Rules for a Knight, due out this fall, will cap off a year that has included Hawke’s debut documentary (Seymour: An Introduction) and his fourth Oscar nomination (for Boyhood). Per Hawke’s publisher, Knopf—who shared details of the book exclusively with TIME—Hawke originally wrote Knight, a parable, as a gift to his four children. The publisher’s synopsis further reads:

“A knight, fearing he may not return from battle, writes a letter to his children in which he tries to leave a record of all he knows. He lays out the truth of the world as he sees it in a series of ruminations on solitude, humility, forgiveness, honesty, courage, grace, pride, patience, generosity, authenticity, and love. He presents an honest and joyful accounting of what the measure of our lives should be.”

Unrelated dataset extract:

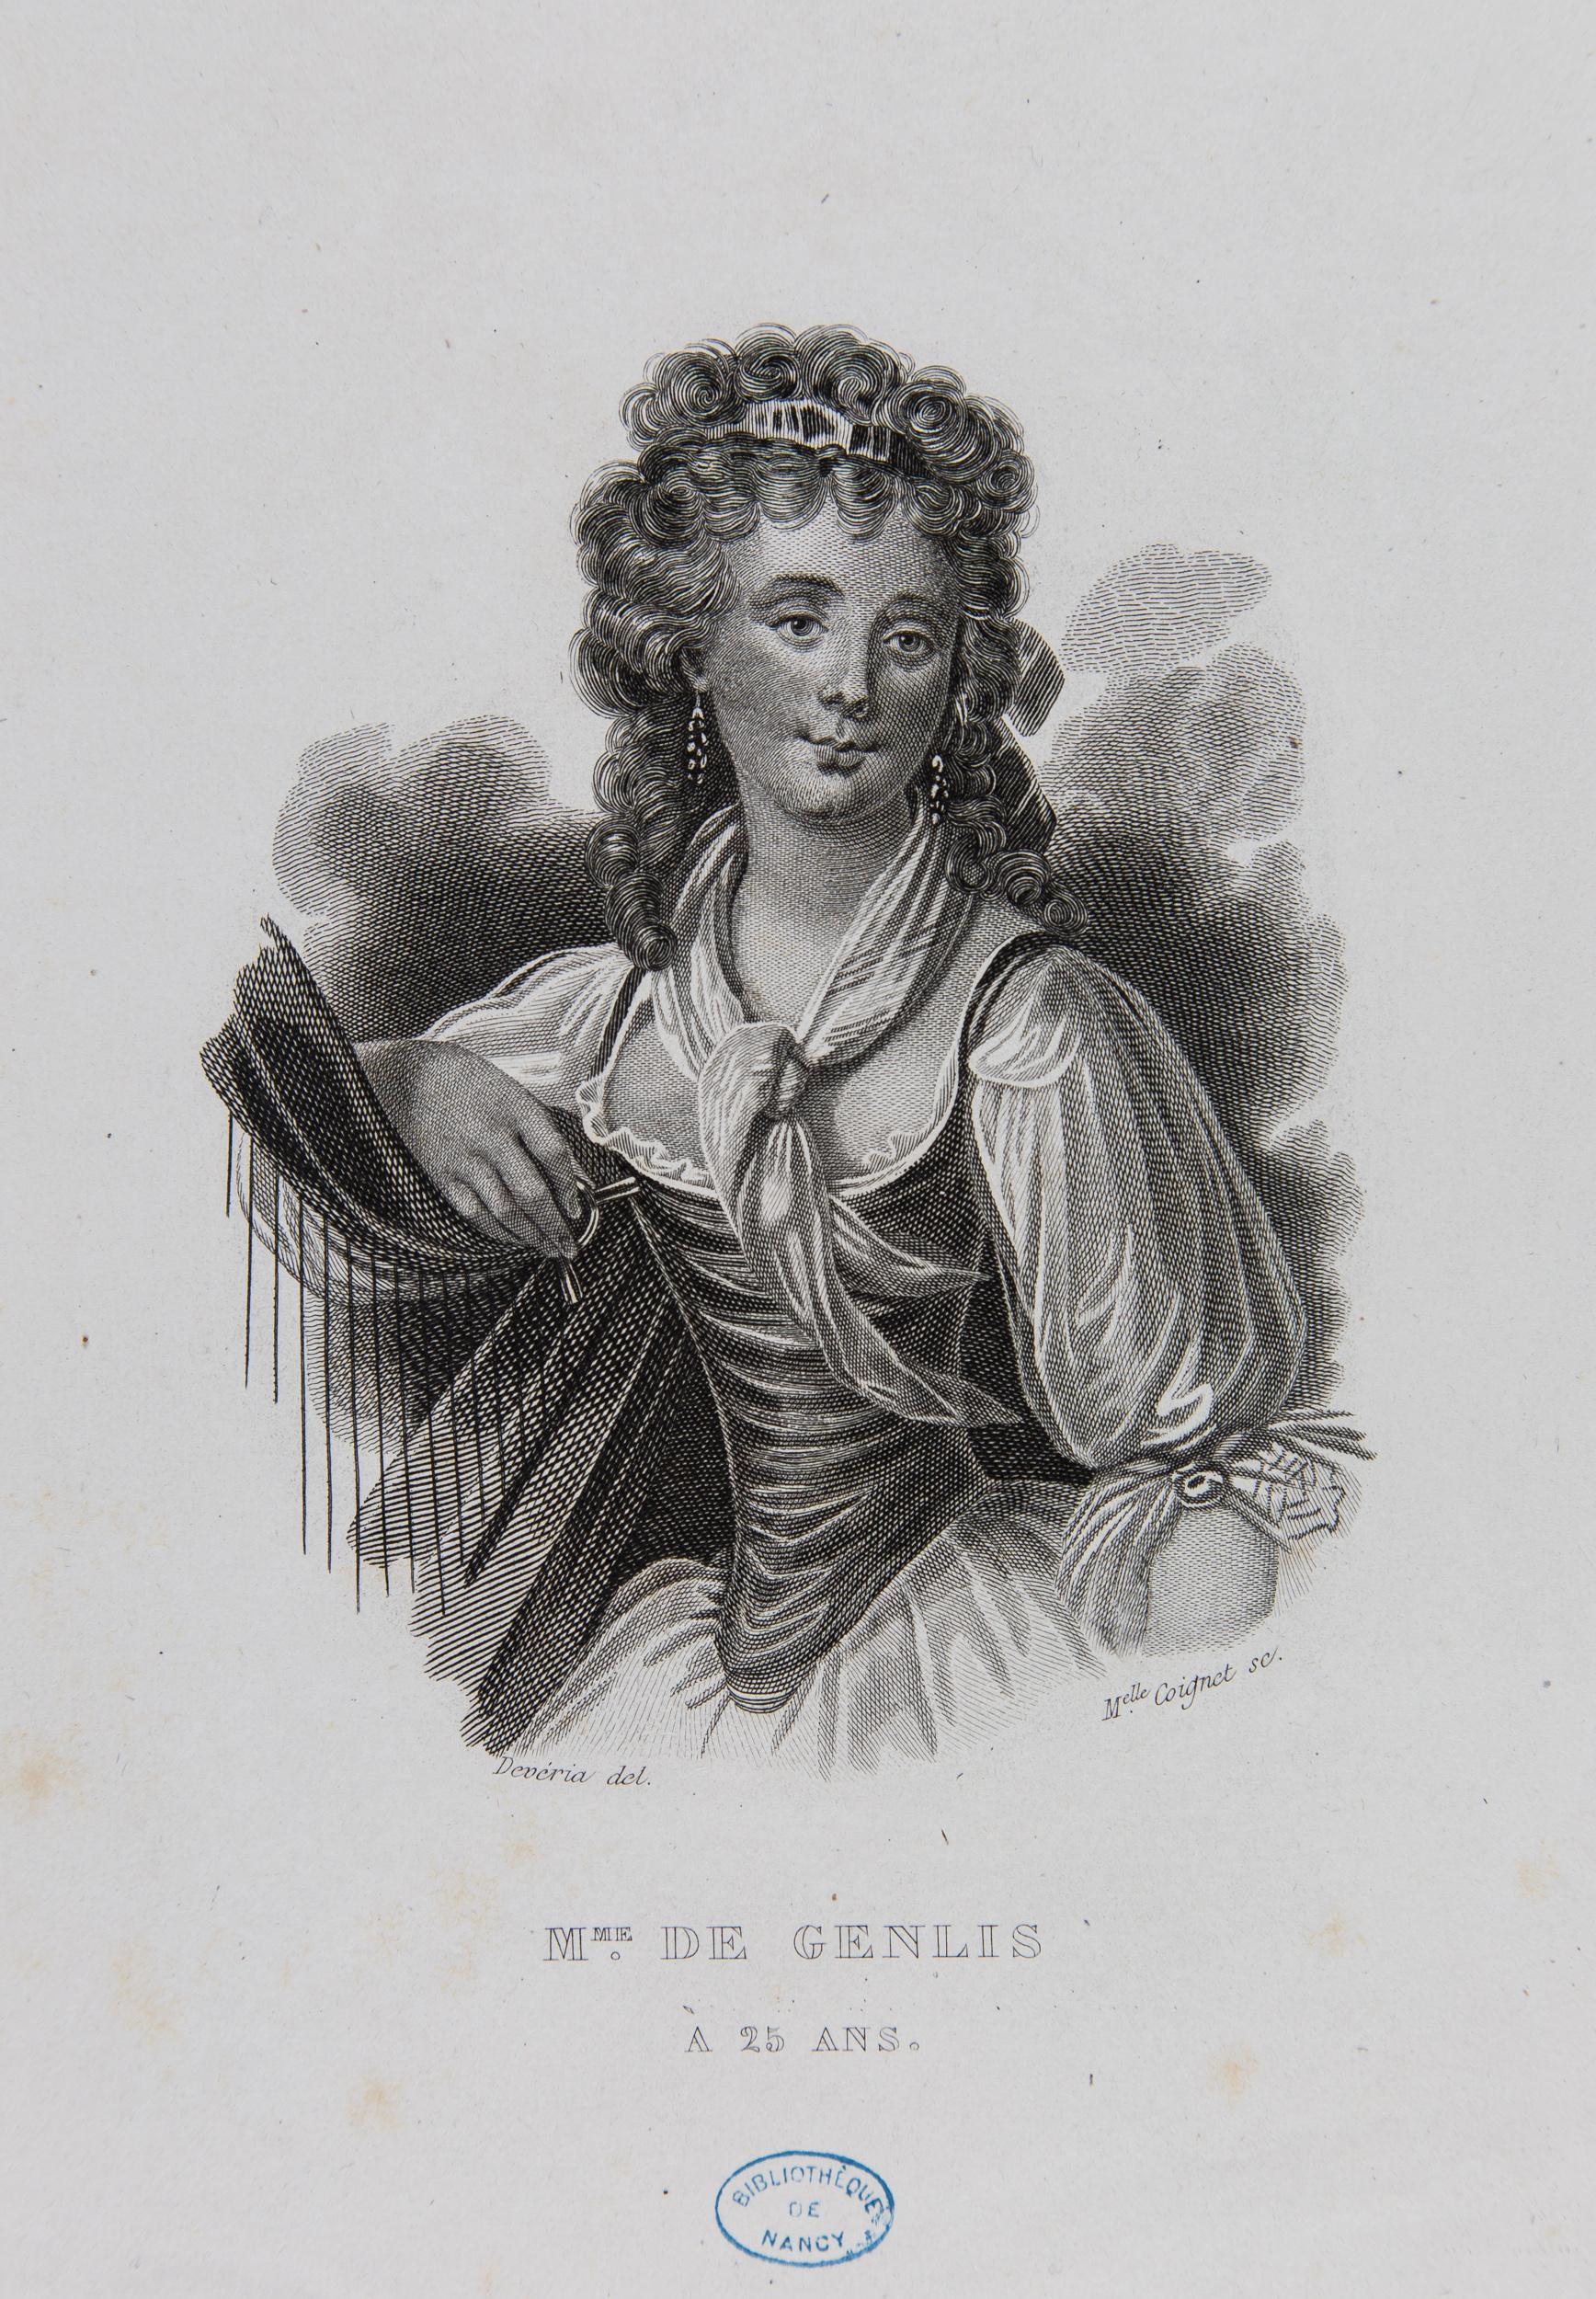 Portrait de Madame de Genlis. Lithographie par Melle Coignet d'après un dessin de Devéria. (FG3 Genlis)

In a recent interview with TIME, Hawke spoke about his evolution as an artist. “When I was young, I just had a tremendous amount of—joy is one word, hubris is another. I was just so excited to be a part of of anything creative,” he said. “‘I wrote 10 pages. Look! You should read it.’ And now as you get older, you’re like, ‘Okay, wait. There’s a lot of things you should read before I’ll waste your time with [my work].'”

That concern has evidently been overcome with a story that’s intended to speak to young people, and that’s explicitly intended as advice: Hawke’s publisher compares the book to Ralph Waldo Emerson’s “Self-Reliance” and Anne Morrow Lindbergh’s Gift From the Sea. Like his character in Boyhood, Hawke, writing for his kids, is growing up.

After all, as the book instructs its reader: “A great knight uses his power to empower others.”